One of those offers is probably going to be a no closing cost refinancing offer, which sounds great, so what’s the catch? There are two potential catches and in both cases it makes a potential great deal (no fees? lower rate? win win right?) potentially crappy.

Case 1: Closing Costs Are Rolled Into The New Loan
Let’s say they roll in $3,000 into your new loan, does it really hurt that much? Well, over the course of 30 years that $3,000 at a rate of 6% tacked onto a $300,000 loan will cost you an extra $3,473.18 in interest. That’s right, you will pay $3,473.18 in interest over the course of thirty years in addition to the $3,000 tacked on extra as fees. So the mortgage company makes their fees twice over, bad news for you.

Case 2: Term Is Reset To 30 Years
This isn’t really an independent case because this will always happen in a refinance. You basically reset the clock and start paying more towards interest all over again but this could be how the company makes its money if it truly is without any fees (as in they don’t roll it into the balance). Is this bad for you? Maybe, maybe not. What you’ll need to do is figure out how much you’d pay towards interest for the balance of your current mortgage and compare it to how much you’d pay in the new loan, that’ll help you decide whether it’s worth it for you to refinance.

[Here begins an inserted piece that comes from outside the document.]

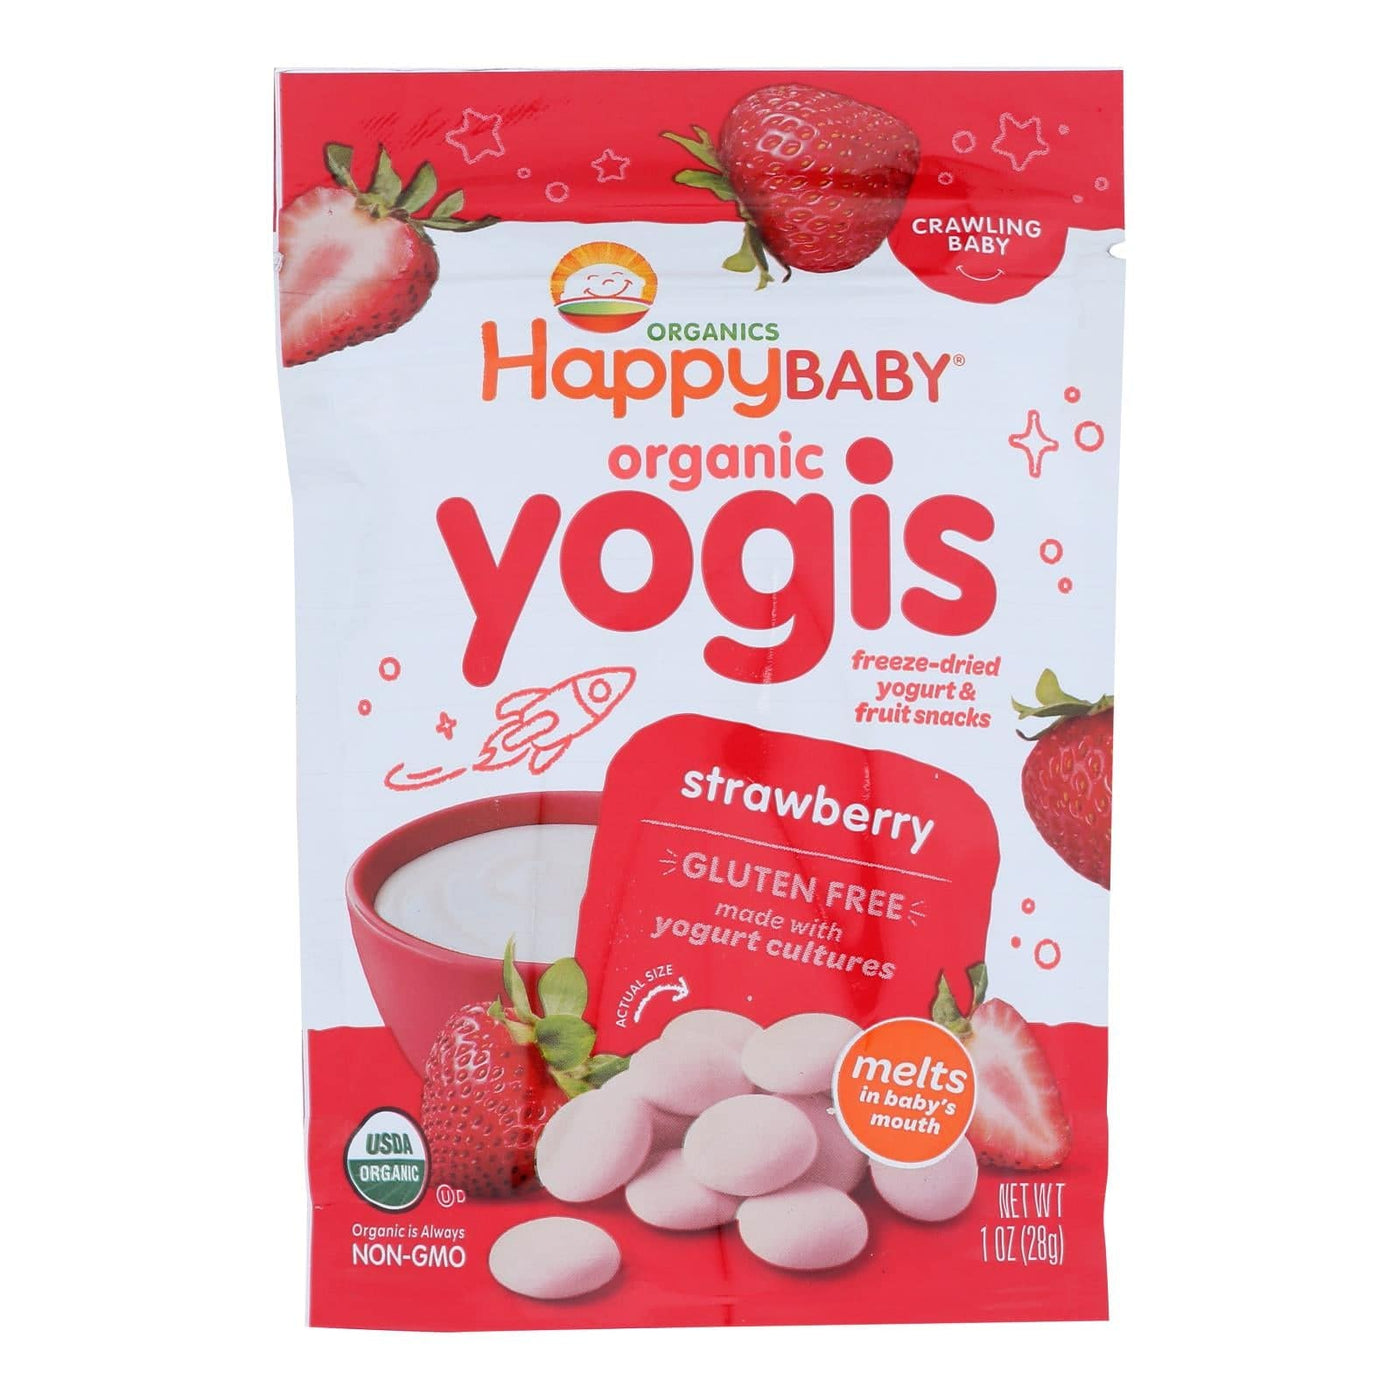 Buy Happy Baby Happy Yogis Organic Superfoods Yogurt And Fruit Snacks Strawberry - 1 Oz - Case Of 8  at OnlyNaturals.us

For example, on a 30 year fixed loan for $200,000 at 6.5%, you’ll pay over $255,000 in interest over the thirty years (use Dinkytown’s calculator). If you refinance your current mortgage to the one I just listed, it will cost you over two hundred and fifty thousand dollars. How do you determine how much interest you have left to pay on your current mortgage? That’s a little trickier because of the front-loaded interest amortization but you can take shortcuts.

The easiest shortcut is to just to put in your current loan and click on the View Report. You’ll want to enter in the data as if it were a new loan, so if you started at $200,000 then you’ll want to put $200,000 into the calculator, not your current loan amount. Now import it into a tool like Excel and start adding up the interest payments starting from your next payment onto the end of the loan to figure out your total interest.

To import the data, I would copy and paste the amortization schedule into a text file, then try to open it in Excel. Excel will ask you how you want to parse the data, you want to select “delimited” on the first page and then “tab” on the second page, that will give it to you in a format you can use.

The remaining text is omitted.